(WORK ITEM): Go to the line holding "Gatos negros, escaleras" in the entries below and write out exactly every line down to and including the line holding "Buste de Buddha".

(DATA):
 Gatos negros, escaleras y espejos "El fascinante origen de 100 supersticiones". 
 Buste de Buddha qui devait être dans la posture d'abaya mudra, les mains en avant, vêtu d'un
---
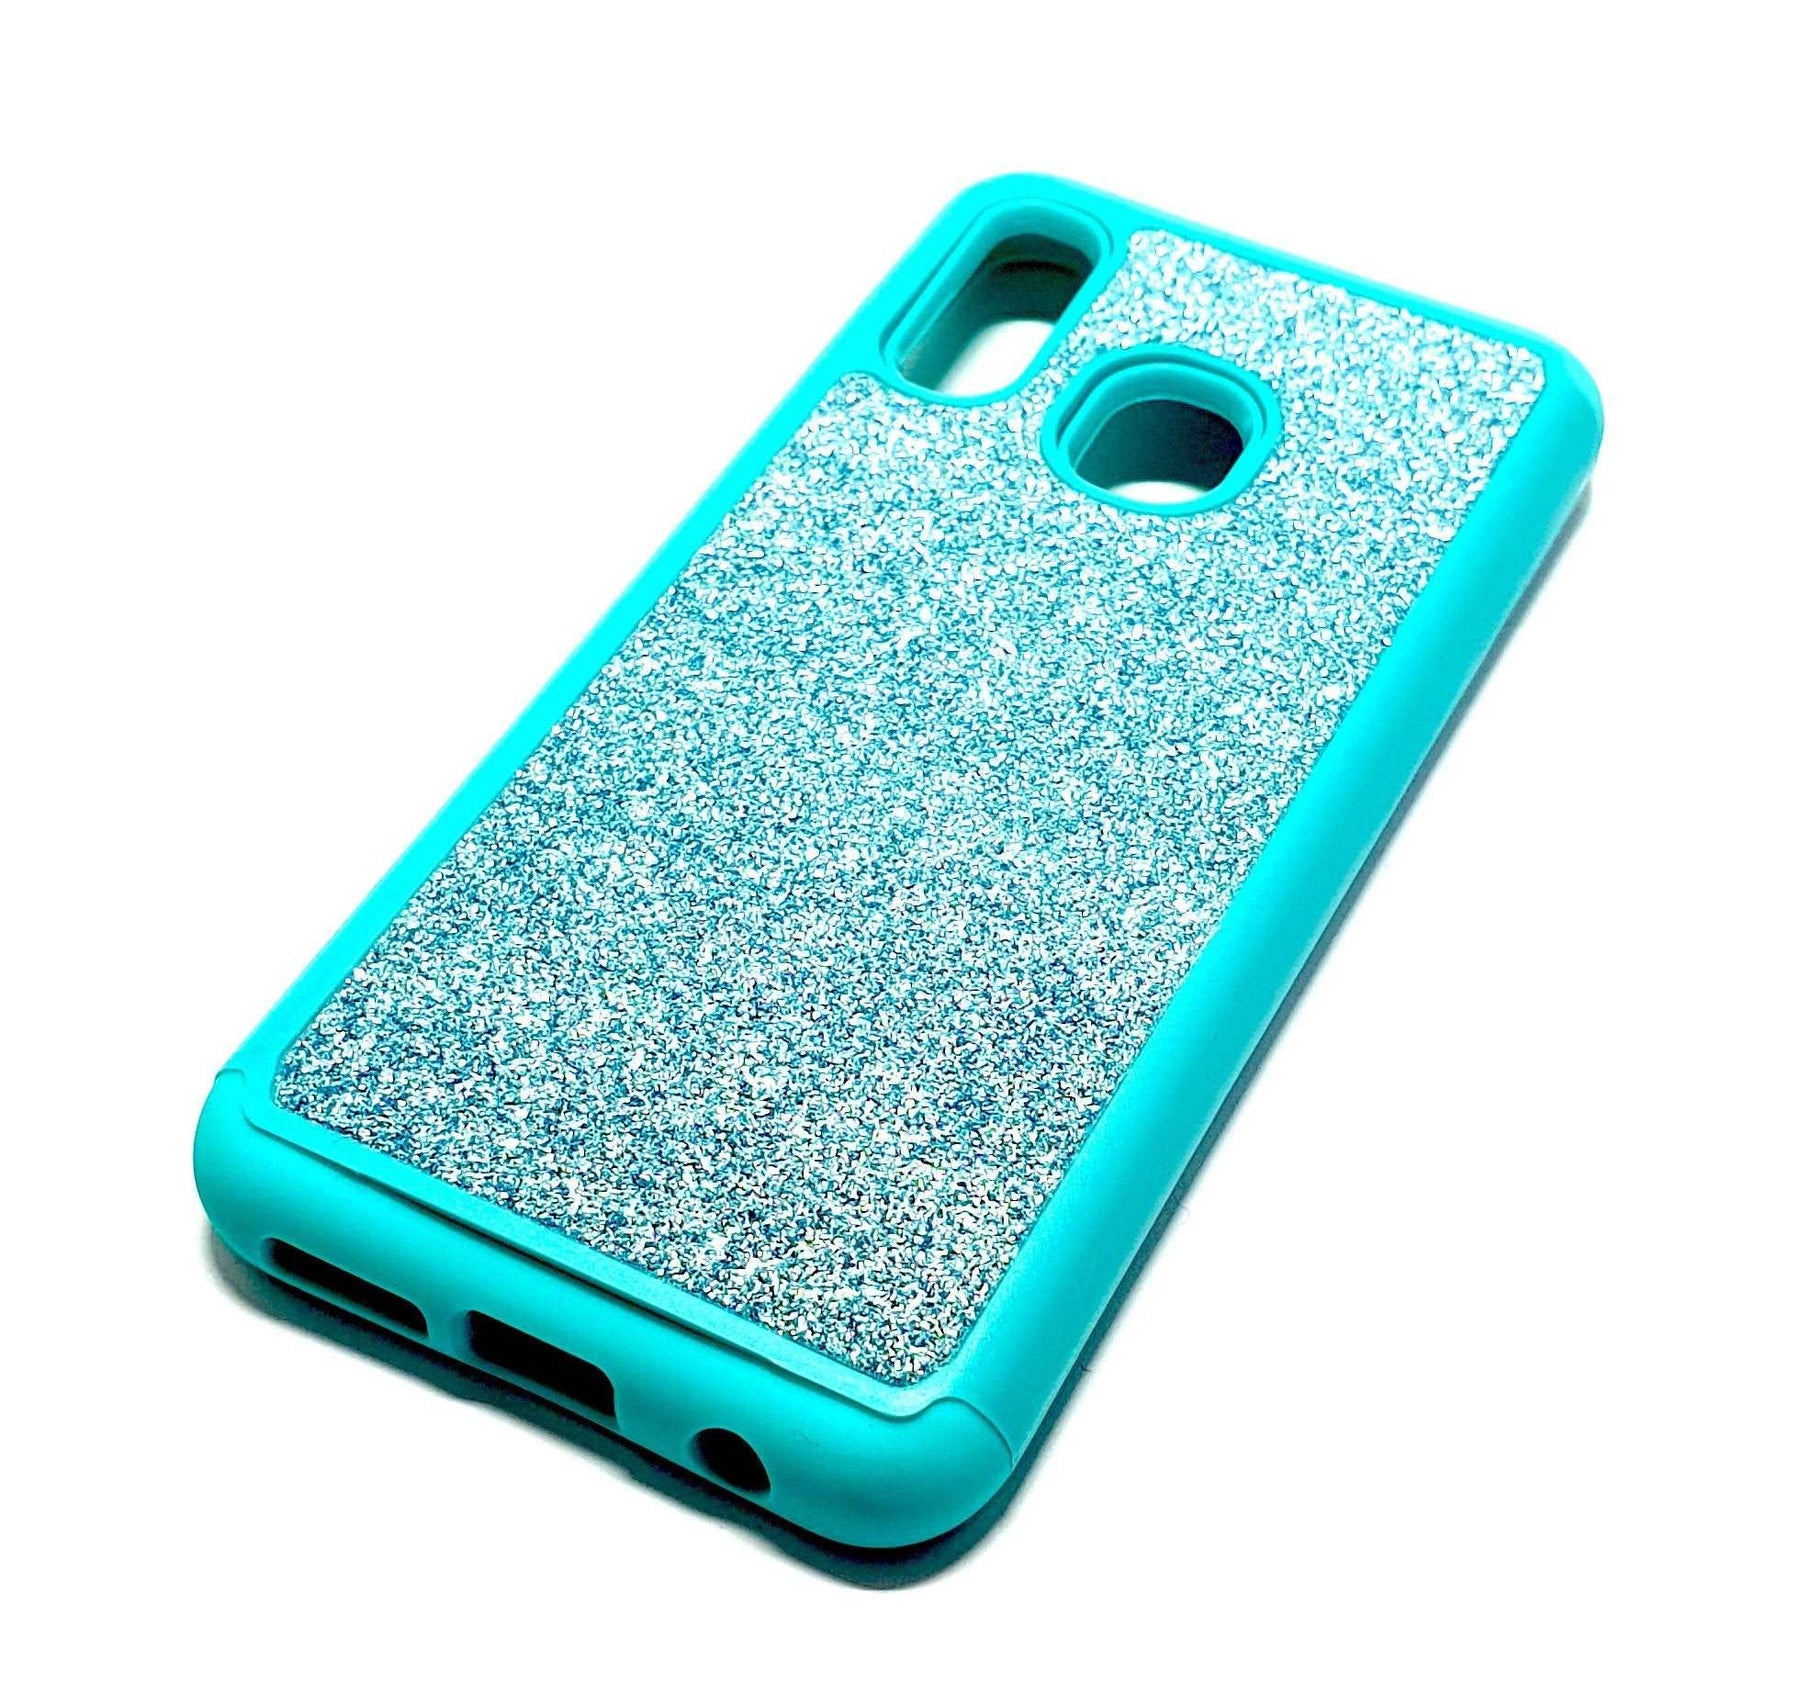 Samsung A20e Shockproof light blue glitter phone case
---
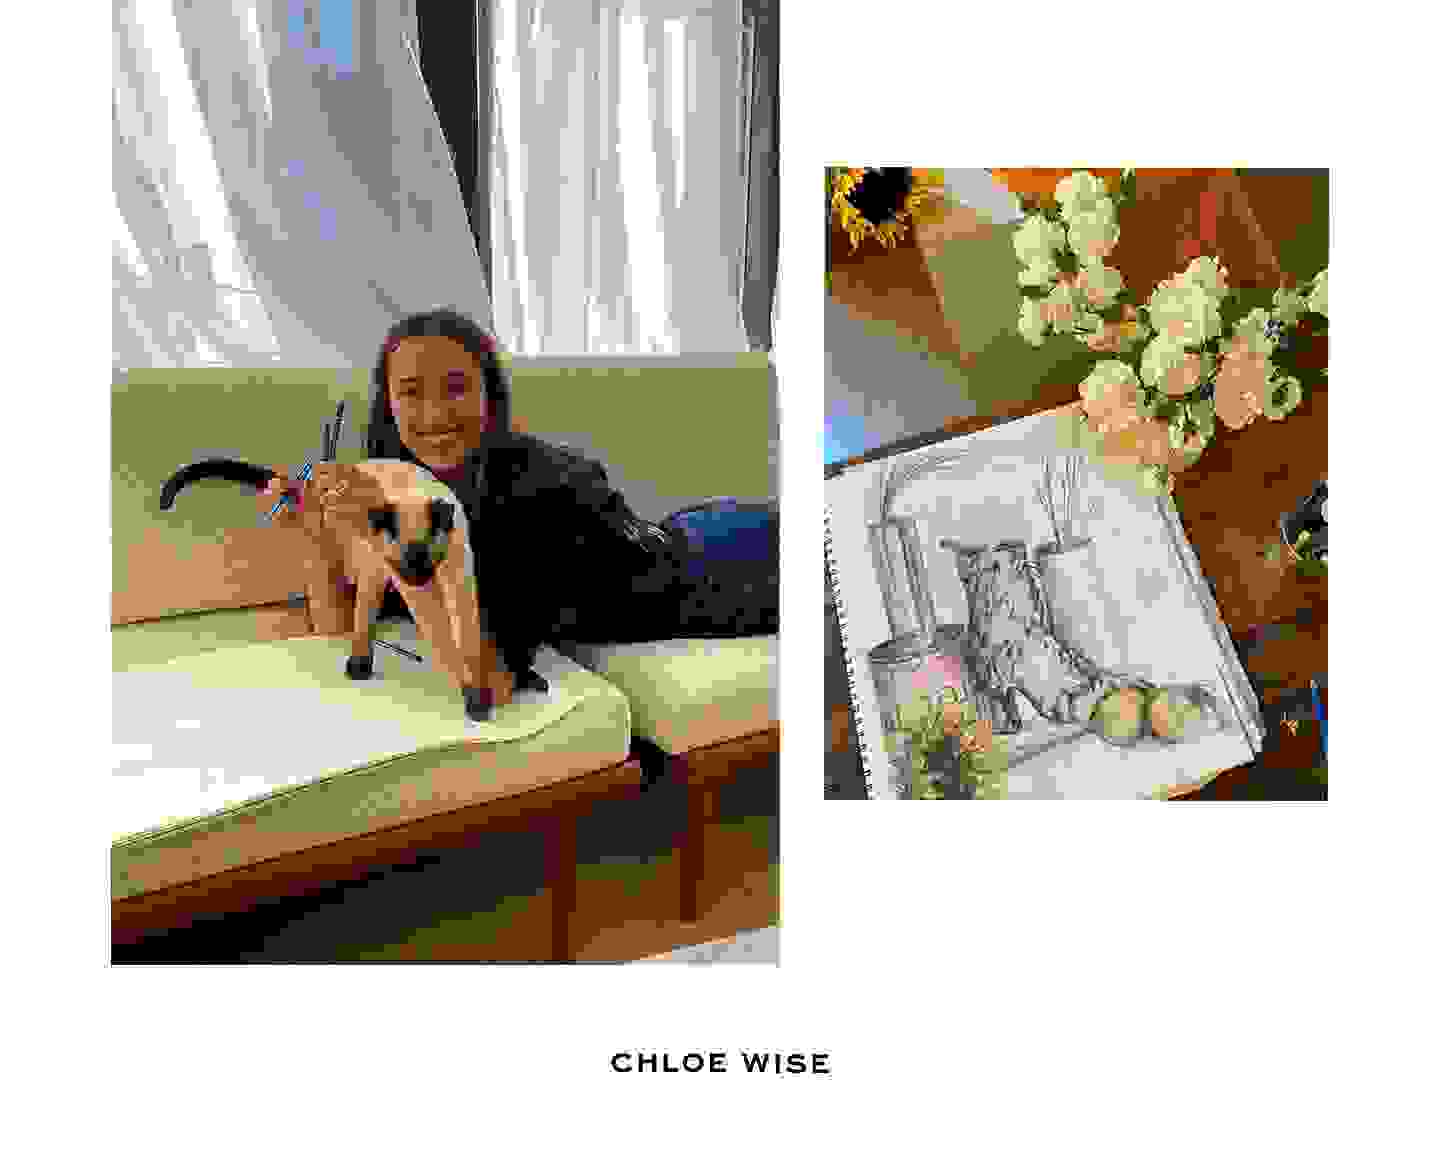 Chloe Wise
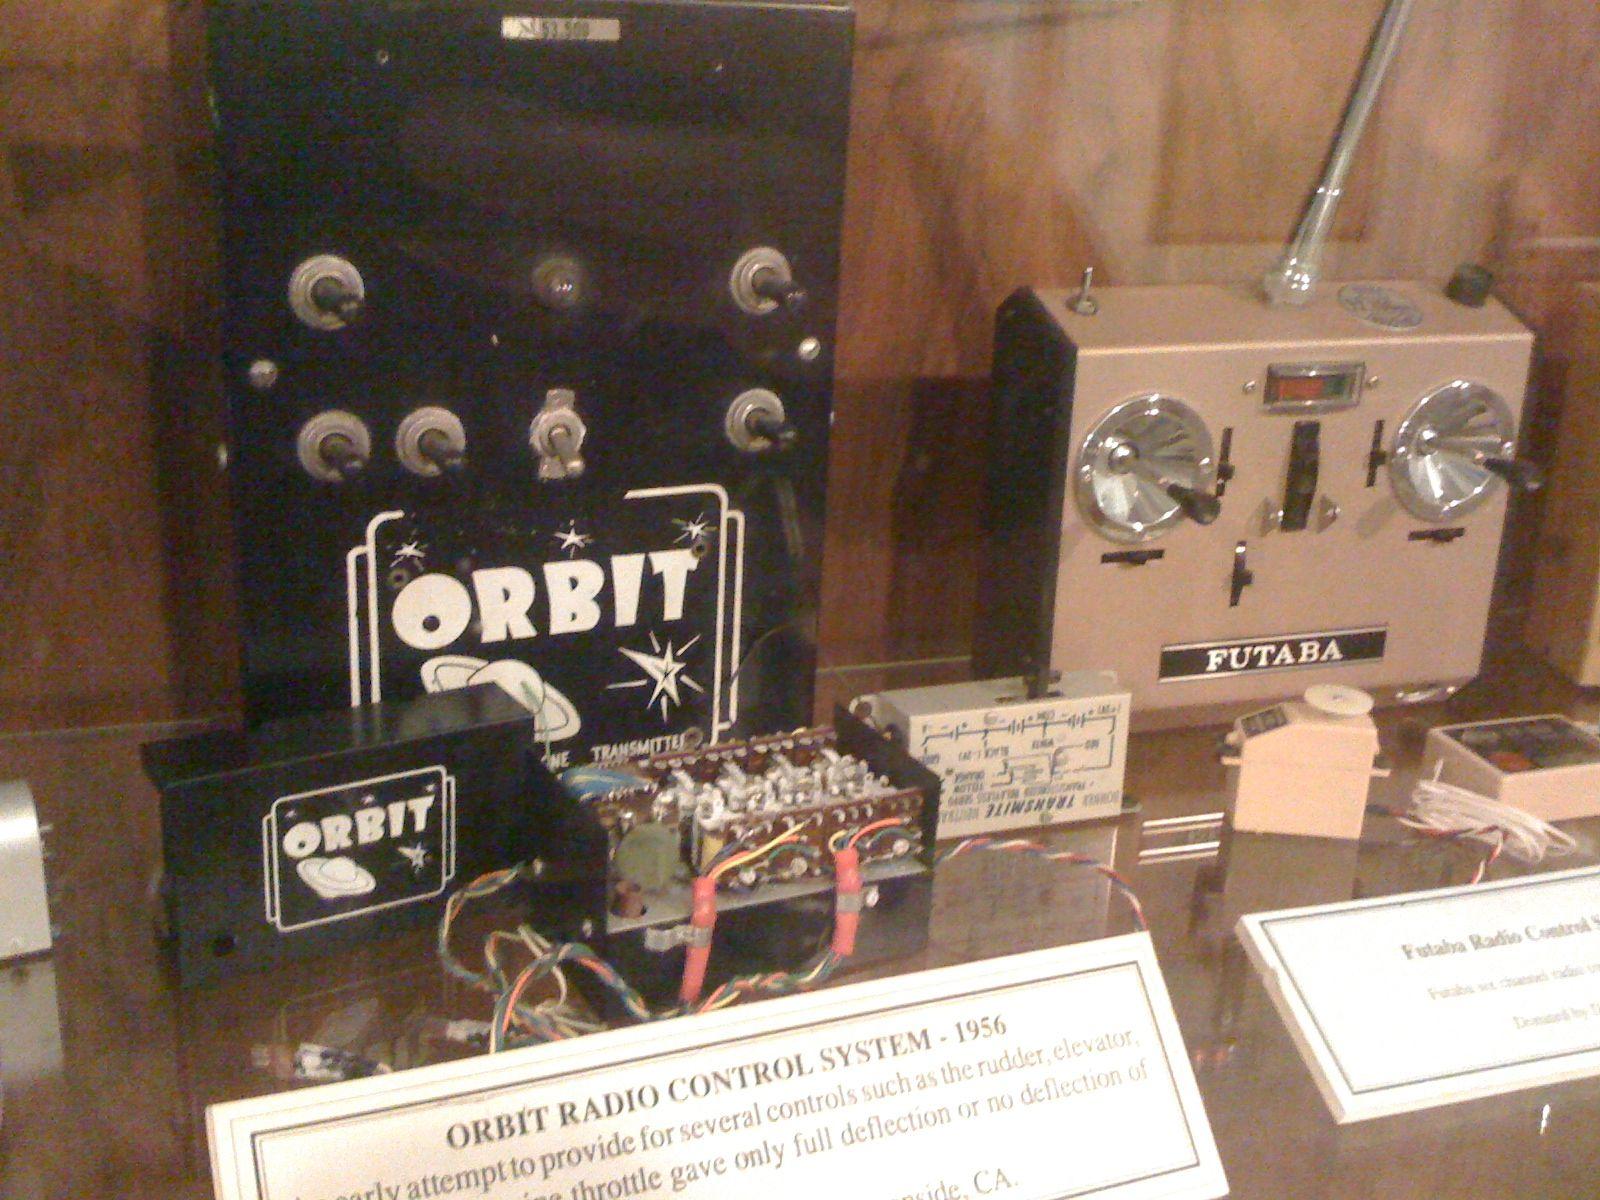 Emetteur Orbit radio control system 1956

(WORKED SOLUTION):
 Gatos negros, escaleras y espejos "El fascinante origen de 100 supersticiones". 
 Buste de Buddha qui devait être dans la posture d'abaya mudra, les mains en avant, vêtu d'un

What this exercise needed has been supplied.